I imagine that her being so affirmed because of her gender might have been unusual. I’m guessing the majority of the boys who grew up in Haskell County could have simply resonated with an imaginary song, “Thank God I’m a Boy!” Interestingly, however, the privileged way many of those boys in Keota were treated was no different from the way boys were indulged in the urban culture of Tampa.
To be brutally honest, I have been privileged all of my life because I am a male. And my sister, female colleagues, friends and wife have no doubt been at a disadvantage, in multiple ways, because they are not males. Sometimes these differences have been subtle, at other times starkly apparent.
If you are a man reading this opinion piece, think about your own experience. I believe you will see parallels with what I have described from my own life. Haven’t you also been advantaged because of your gender? We live in a nation and culture that is more egalitarian than many others around the world. Yet, boys and men in our society often are given more privileges than girls and women. I hope you will learn to look at girls and women in your life — and their experiences — with a more generous, gracious and understanding eye. May we treat the females we know as our equals. Let us advocate for gender justice for them, as well as for those we never have met.

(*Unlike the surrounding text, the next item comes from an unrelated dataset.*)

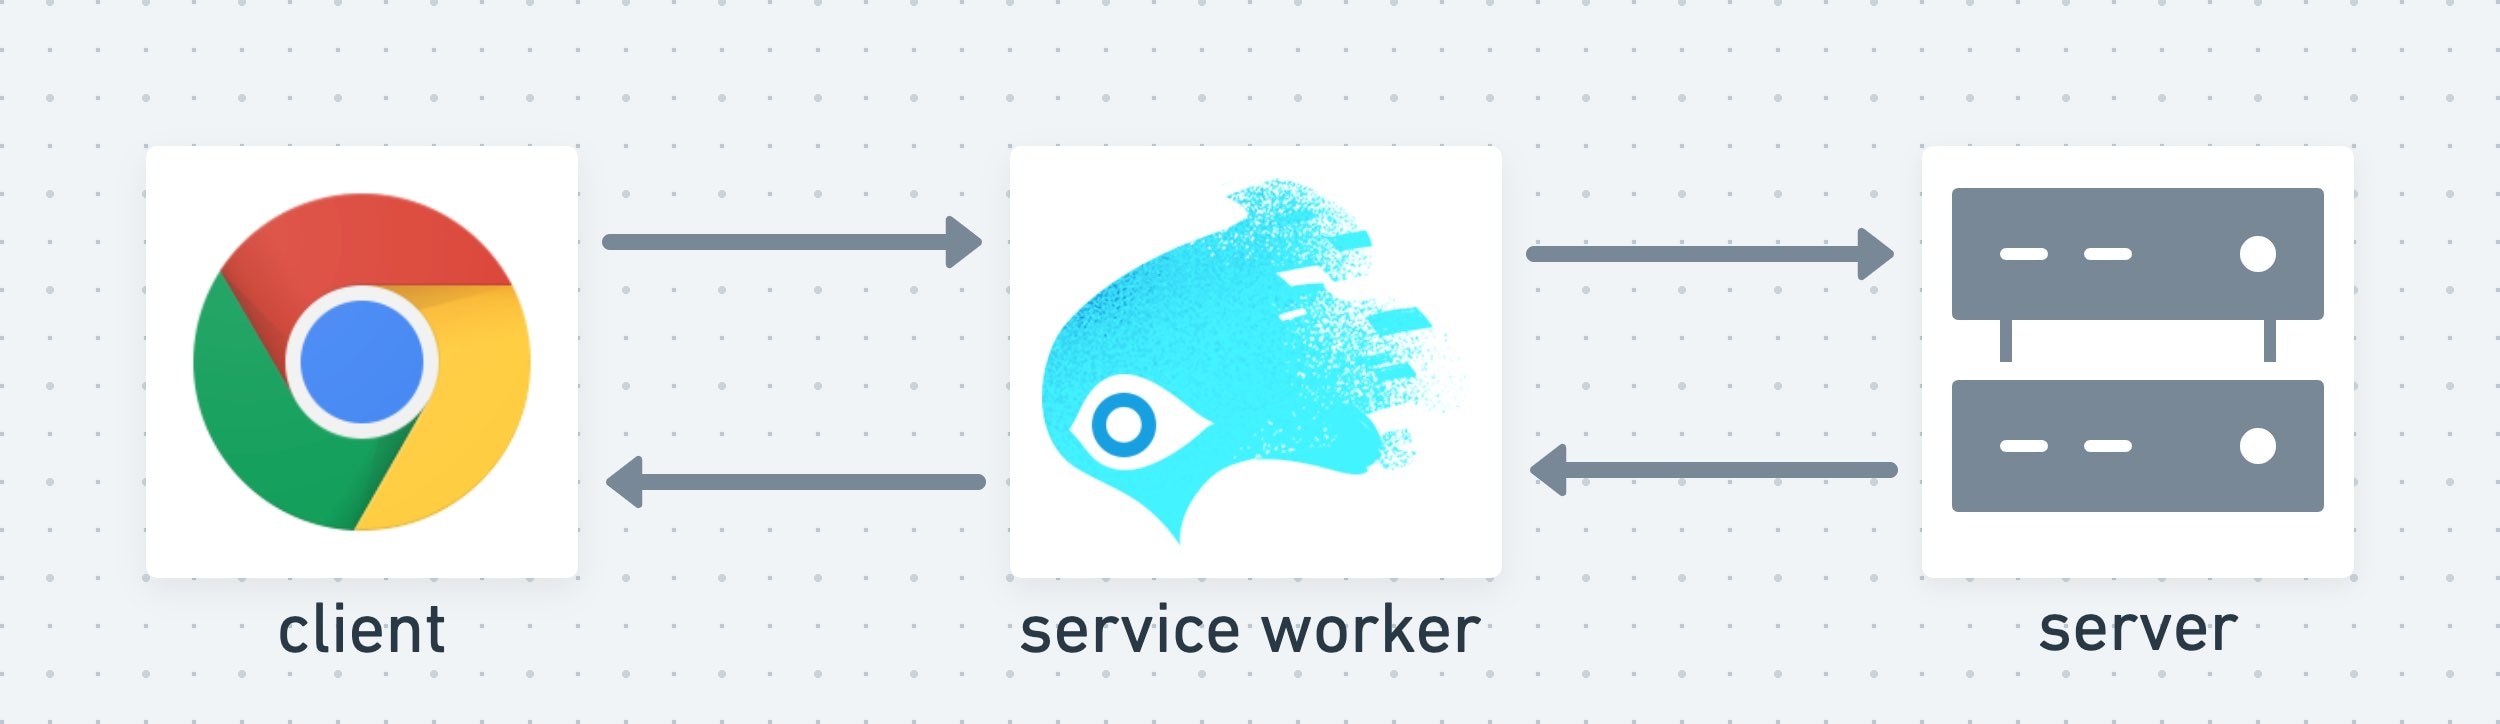 Un service worker agisce da livello intermedio tra il client e il server

This is part of what it means to follow Jesus, to live as he did. He offered living water to the Samaritan woman at the well, healed the woman with a devastating hemorrhage who simply touched his robe, affirmed Mary who sat at his feet with the male disciples to learn from him, raised the dead son of the widow of Nain, saved the life and forgave the woman caught in adultery, resurrected the young daughter of Jairus, arranged for the care of his mother after he was gone, and entrusted the message that he was alive again to female disciples.
I have not always honored the girls and women in my life as Jesus did. Have you?
Rob Sellers is professor of theology and missions emeritus at Hardin-Simmons University’s Logsdon Seminary in Abilene, Texas. He is a past chair of the board of the Parliament of the World’s Religions in Chicago. He and his wife, Janie, served a quarter century as missionary teachers in Indonesia. They have two children and five grandchildren.